In the spring of 2003, across a field of rubble in Baghdad, a young Iraqi journalist accosted me and demanded: "Why did you stop broadcasting substance and substitute music?" The year before the Broadcasting Board of Governors, the government entity in charge of radio broadcasting, had shut down the Voice of America's Arabic service, and it ended most of its Farsi service in 2003. Voice of America had been broadcasting features, discussions of issues and editorials reflecting U.S. policies. But now it filled 50 minutes of each hour on Arabic-language Radio Sawa and most of the time on Persian-language Radio Farda with Eminem, J. Lo and Britney Spears.

This change in format provoked other angry questions: Are Americans playing music because they are afraid to tell the truth? Do they not have a truth to tell? Or do they not consider us worth telling the truth to?

We did not fight communism with pop music. In fact, during the Cold War, America used its government media institutions to broadcast its ideas and beliefs. So why are we not refashioning those successful broadcast strategies and trying to spread our ideas in the Muslim world, the breeding ground of much of the world's terrorist threats?

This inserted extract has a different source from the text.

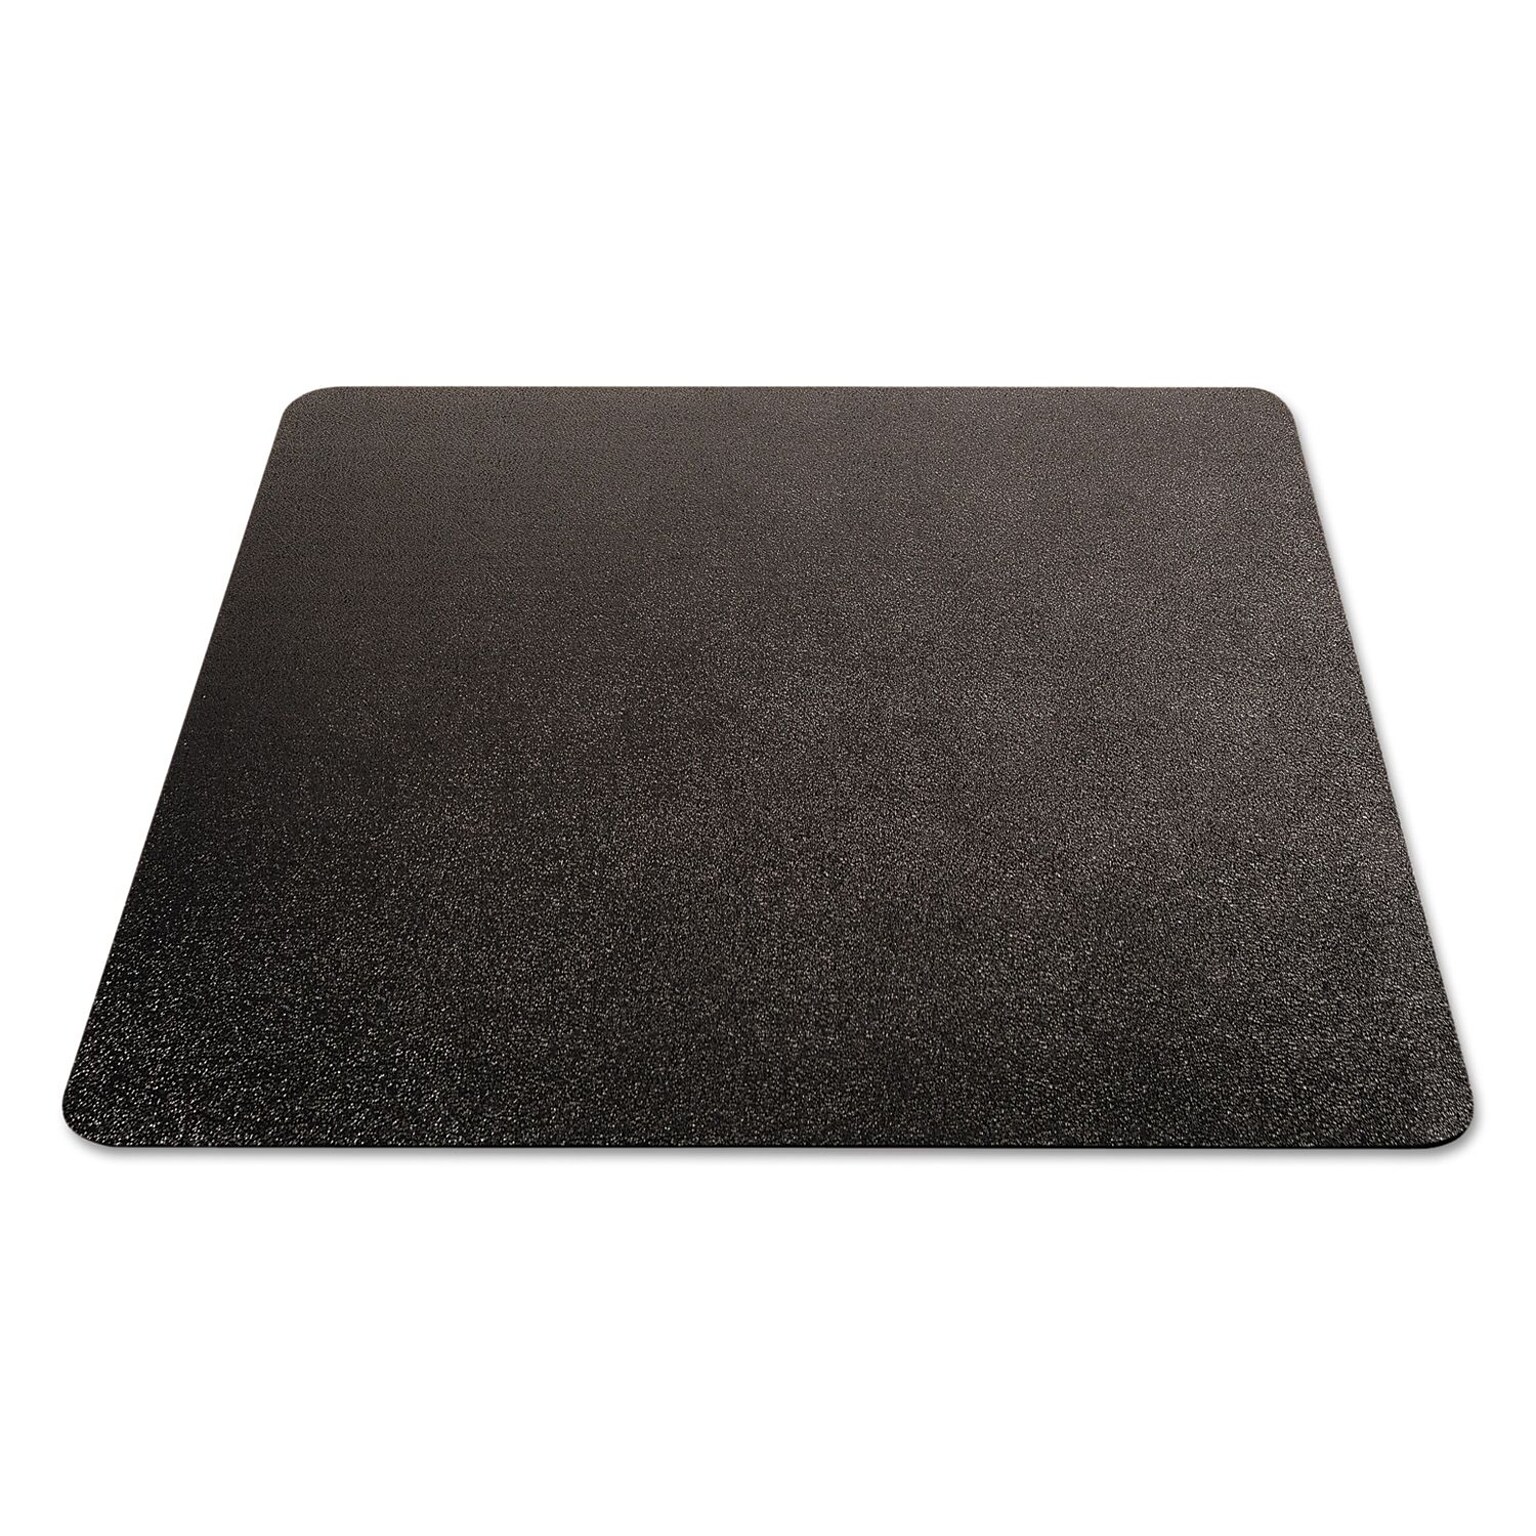 Deflect-O EconoMat Carpet Chair Mat, 46 x 60, Low-Pile, Black (DEFCM11442FBLK)

Members of the Broadcasting Board of Governors (BBG) have shared their answer: Radio Sawa's progenitor, media mogul Norman Pattiz, was still serving his Clinton-appointed term in 2002 when he told the New Yorker that "it was MTV that brought down the Berlin Wall." (Not Ronald Reagan, Lech Walesa or Vaclav Havel, of course.) President Bush's appointees did not improve the board's outlook. In October 2002, Ken Tomlinson, then the board's new chairman, approvingly quoted his son as saying Spears's music "represents the sounds of freedom." It seems that the board transformed the "war of ideas" into the battle of the bands.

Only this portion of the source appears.